Environnement de la salle du chapitre

20La salle du chapitre prend place au cœur de l’abbaye. Elle fait partie d’un vaste ensemble, au modèle cohérent, déjà établi au xie siècle dans les monastères bénédictins.

21La salle du chapitre de Saint-Bénigne est bordée au nord par la salle dite des moines. Cette dernière, de trente-cinq mètres sur treize était divisée, au Moyen Âge, en plusieurs petites salles. Un cœur de cheminée dans le mur oriental indique qu’une des parties de cette salle abritait un scriptorium. Au xisiècle, les deux salles ne communiquaient pas directement, mais leur liaison était possible grâce à la galerie est du cloître. Le cloître médiéval, vraisemblablement en bois au xisiècle puis reconstruit en pierres au xiie siècle, a été détruit au xviie siècle et remplacé par un ouvrage mauriste remblayé au xixe siècle, et dont quelques vestiges de départ d’arcades sont encore visibles. Les deux salles sont surmontées d’un dortoir du xiiie siècle, remplaçant un dortoir plus ancien. L’accès, depuis le niveau inférieur, était possible grâce à un escalier en bois, à l’intérieur ou à l’extérieur du bâtiment.

22Les constructions à l’est de la salle du chapitre, notamment la chapelle Saint-Benoît et le petit cloître de l’infirmerie reconnu sur les plans mauristes 20, ont été détruites au fil des siècles et remplacées par l’évêché, construit en 1766. La façade extérieure est de la salle du chapitre, en moyen appareil et rythmée par un contrefort, est encore visible dans les caves de l’actuelle école des Beaux-Arts 21.

23Les autres ailes du cloître abritaient au nord, le réfectoire, orienté perpendiculairement à la galerie du cloître, et, à l’ouest, le cellier et des granges.

24La partie méridionale de la salle du chapitre est accolée à l’abbatiale 22, construite par l’abbé Guillaume de Dijon à partir de 1001. Le Troisième coutumier de Saint-Bénigne, mentionne, que, durant les processions, les religieux sortaient de la grande église par la porte du cloître et se dirigeaient vers la chapelle Saint-Benoît, en traversant la salle du chapitre.

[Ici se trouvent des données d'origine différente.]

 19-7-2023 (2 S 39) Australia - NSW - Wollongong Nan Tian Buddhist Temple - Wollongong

Questions suscitées par l’étude

25La porte du cloître de l’époque du coutumier, mentionnée précédemment, a été remplacée à la période gothique, puis murée lors de la construction de la tour d’escalier. Son élévation actuelle suscite des interrogations concernant les niveaux de circulation du cloître médiéval et de celui d’époque mauriste. Ce manque d’information et l’état très modifié de la porte d’entrée ne permettent pas de déterminer le mode d’accès du cloître vers la salle du chapitre. La présence de quelques marches est un schéma récurrent dans les constructions des xiie et xiiie siècles, mais au xie siècle le passage était peut-être de plain-pied.

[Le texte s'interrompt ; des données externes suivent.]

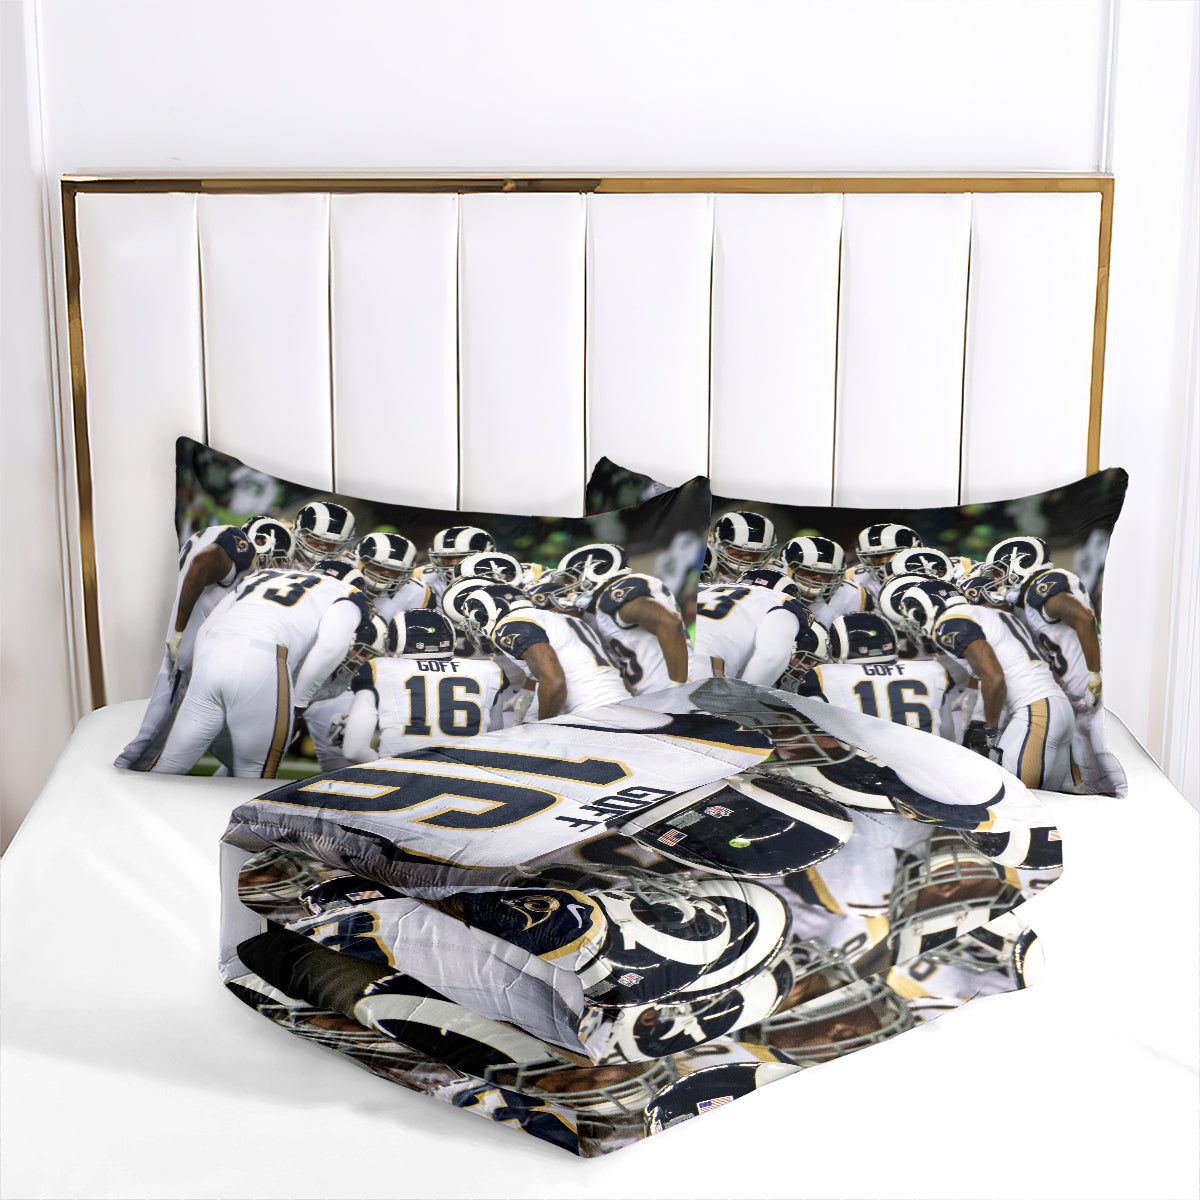 Los Angeles Rams Football Team Comforter Pillowcase Sets Blanket All Season Reversible Quilted Duvet

26L’existence de banquettes, permettant d’identifier les salles du chapitre au sein de l’abbaye à partir du xiie siècle, pose problème à Saint-Bénigne : si elles étaient présentes, elles ne sont plus conservées. Elles étaient, peut-être, en bois ou ont été détruites et tout vestige effacé par le rejointoiement et le nettoyage des pierres à l’eau-forte.

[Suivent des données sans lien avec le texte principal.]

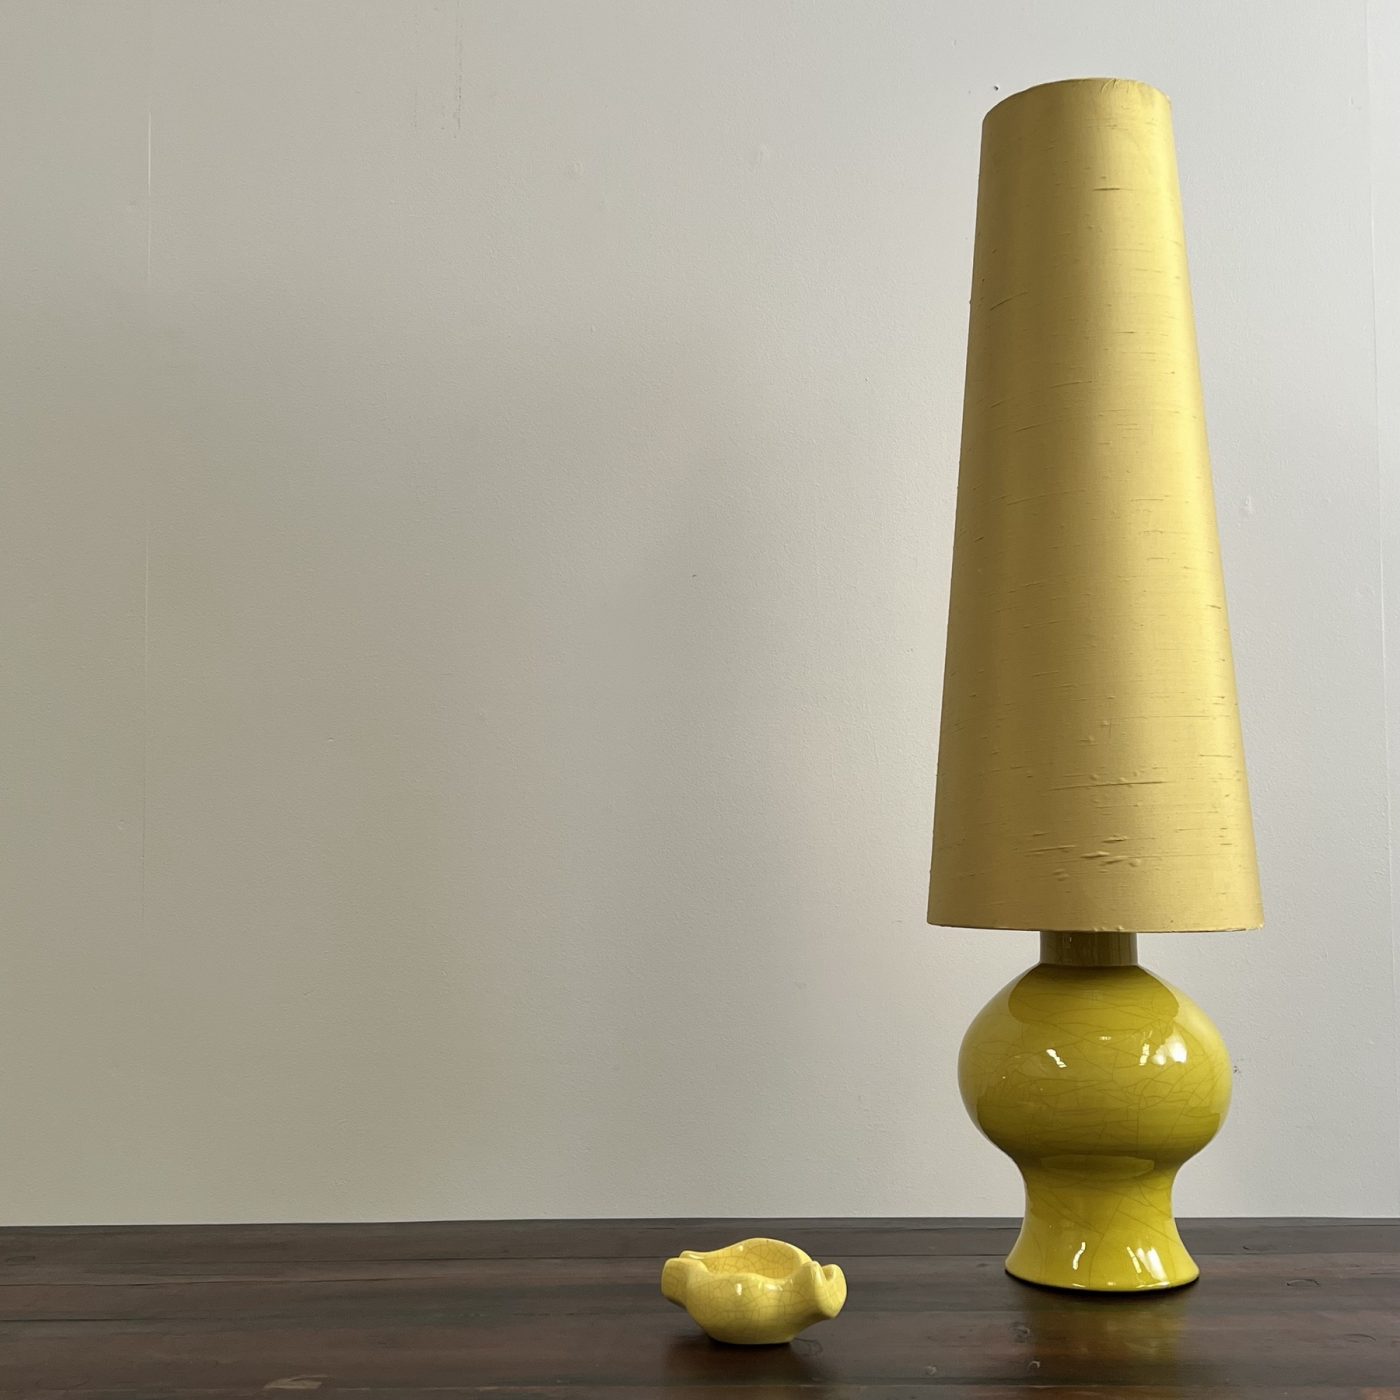 objet-vagabond-ceramic-lamp0004

Sondage (cf. notice de C. Vernou, p. 31)

27Le sondage, réalisé dans l’angle nord-ouest de la salle, visait à confirmer l’hypothèse de banquettes et à déterminer un sol de circulation 23. Nous y avons trouvé des maçonneries (fig. 7), d’une largeur de 65 cm le long du mur nord et de 35 cm le long du mur ouest, d’une hauteur d’environ 105 cm et posées sur des maçonneries plus larges, d’une vingtaine de centimètres de hauteur. La partie supérieure des maçonneries est située 30 cm sous le niveau de circulation actuel de la troisième travée, lui-même remblayé de 30 cm par rapport aux autres travées. Deux hypothèses s’offrent à nous quant à la destination de ces maçonneries : fondations des murs ou banquettes. Toutefois, aucune unité stratigraphique ne peut correspondre à un sol de circulation fonctionnant avec les banquettes. L’hypothèse de fondation est discréditée, car la largeur des maçonneries est moins importante du côté du mur porteur que du côté du mur de refend.